A human-centred treatment of this kind should not only look at the patient’s deficiencies but of course at his or her resources as well. This would also require the development of a new aesthetic in psychiatry, to create an appropriate basis for a therapeutic process of this kind. Particularly helpful in this respect is the work of social aesthetics published in recent years. A. Berleant, one of the fathers of social aesthetics, wrote in a seminal article in 2005: “Social aesthetics is … an aesthetic of the situation. … Like every aesthetic order, social aesthetics is contextual. It is also highly perceptual, for intense perceptual awareness is the foundation of aesthetics. Furthermore factors similar to those in every aesthetic field are at work in social aesthetics, although their specific identity may be different … creative processes are at work in its participants, who emphasize and shape the perceptual features.” The main components of social aesthetics are “full acceptance of others (esteem), heightened perception (perception of all sensuous qualities), freshness and excitement of discovery (fascination), recognition of the uniqueness (person/situation), full personal involvement (engagement/opening), relinquishment of restrictions and exclusivity, abandonment of separateness (places/atmospheres), and mutual responsiveness.”
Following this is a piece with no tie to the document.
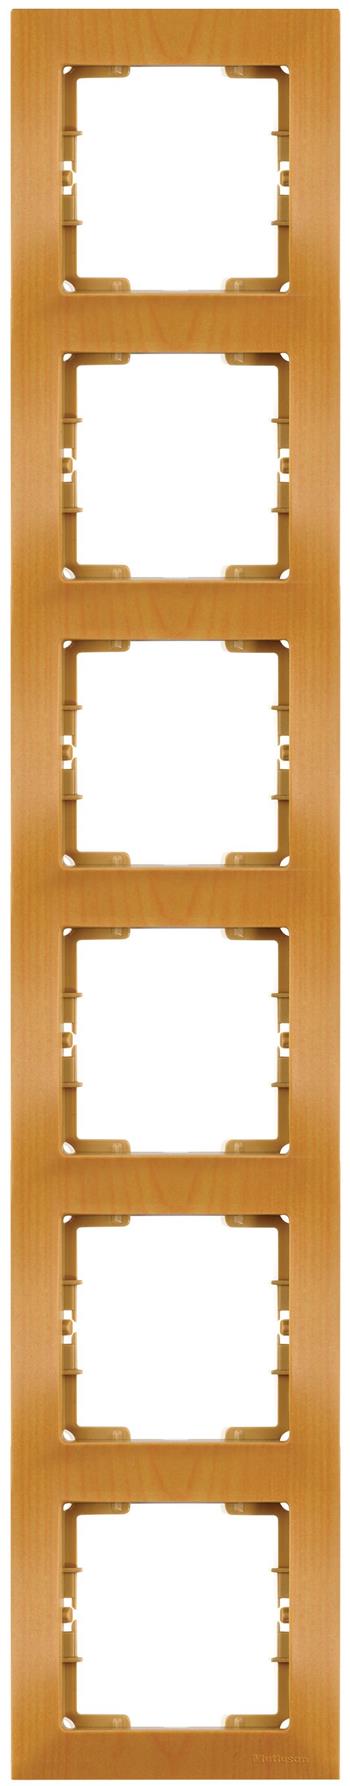 6fach Rahmen vertikal Eiche (CANDELA Holz Optik)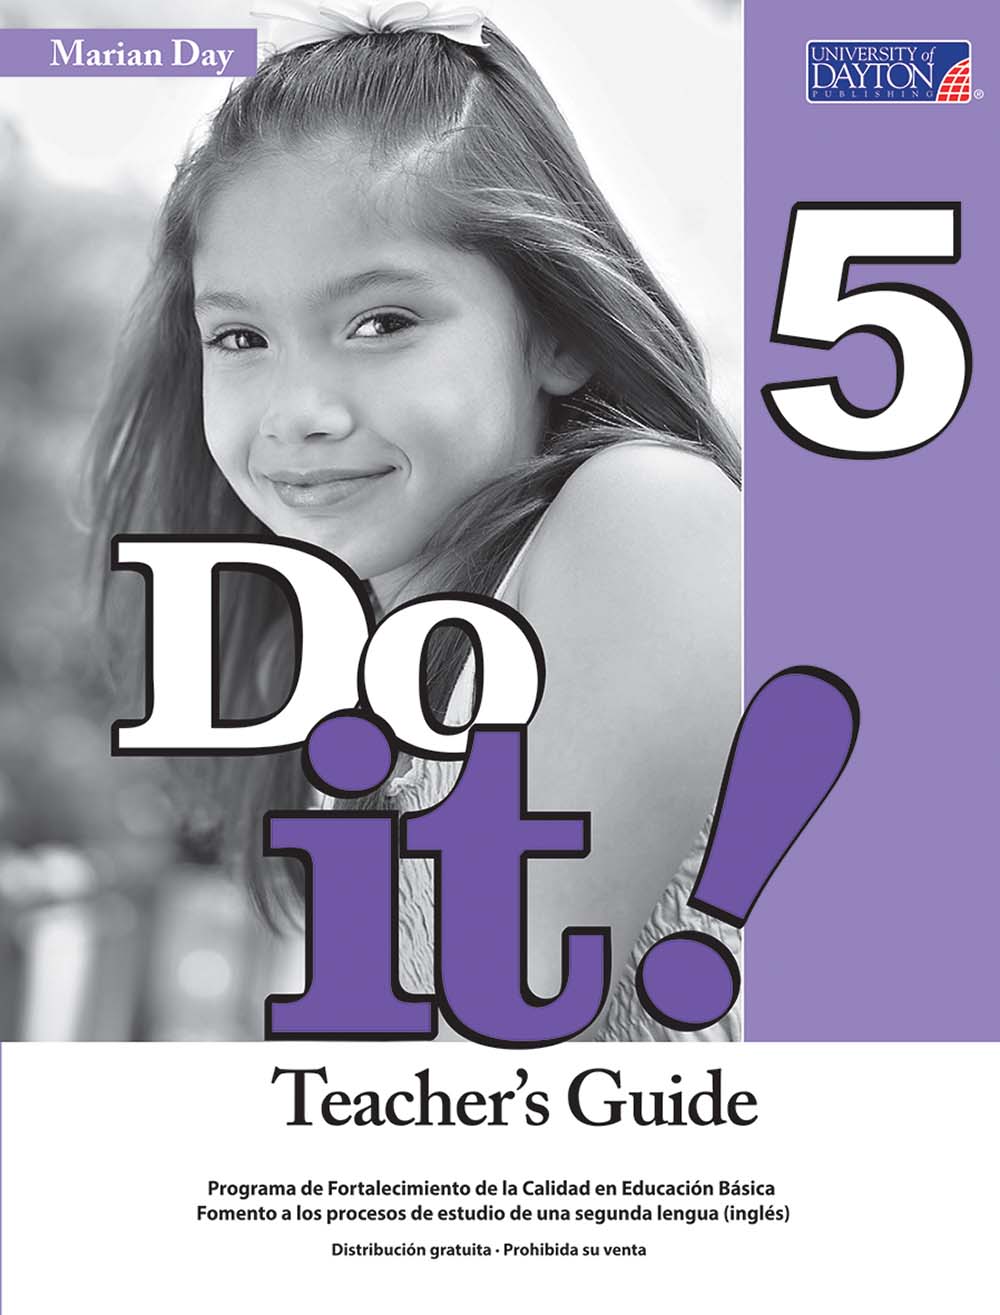 Do It! 5 Guía Didáctica, Editorial: University of Dayton Publishing, Nivel: Primaria, Grado: 5

A social aesthetic for psychiatry, which has already begun but must be further developed, has the task of cultivating interaction between the patient and the therapist – in particular the initial contact, which is so important for the further progress of treatments – to fill empty rituals and modes of behaviour in the therapeutic setting with humanity, to create a fruitful atmosphere in the treatment room and to incorporate genuine friendliness in the day-to-day hospital environment, to deconstruct barriers and to open up boundaries and to facilitate enjoyable situations and relationships despite the suffering caused by illness in order to open to the patient aesthetically agreeable perspectives for the future. Treatment options and forms of therapy that have been and can continue to be developed from such a social aesthetic do not, as in evidence-based medicine, put the disease construct at the centre of the diagnostic and therapeutic interest, but have as their primary aim reopening the possibility of a largely autonomous and joyful life for the patient. A humanistic therapy approach of this kind, in which the person once again becomes the measure of all things, can only be realised in clinical practice via multidimensional diagnosis methods and treatment within the scope of inter-disciplinary cooperation.
- Fulford B., Sadler J., Stanghellini G., Morris K. Nature and Narrative. International perspectives in philosophy and psychiatry. Oxford: Oxford University Press, 2003.
- Berleant A. Ideas for a Social Aesthetic. In: Light A, Smith JM (eds). The Aesthetics of Everyday Life. New York: Columbia University Press, 2005.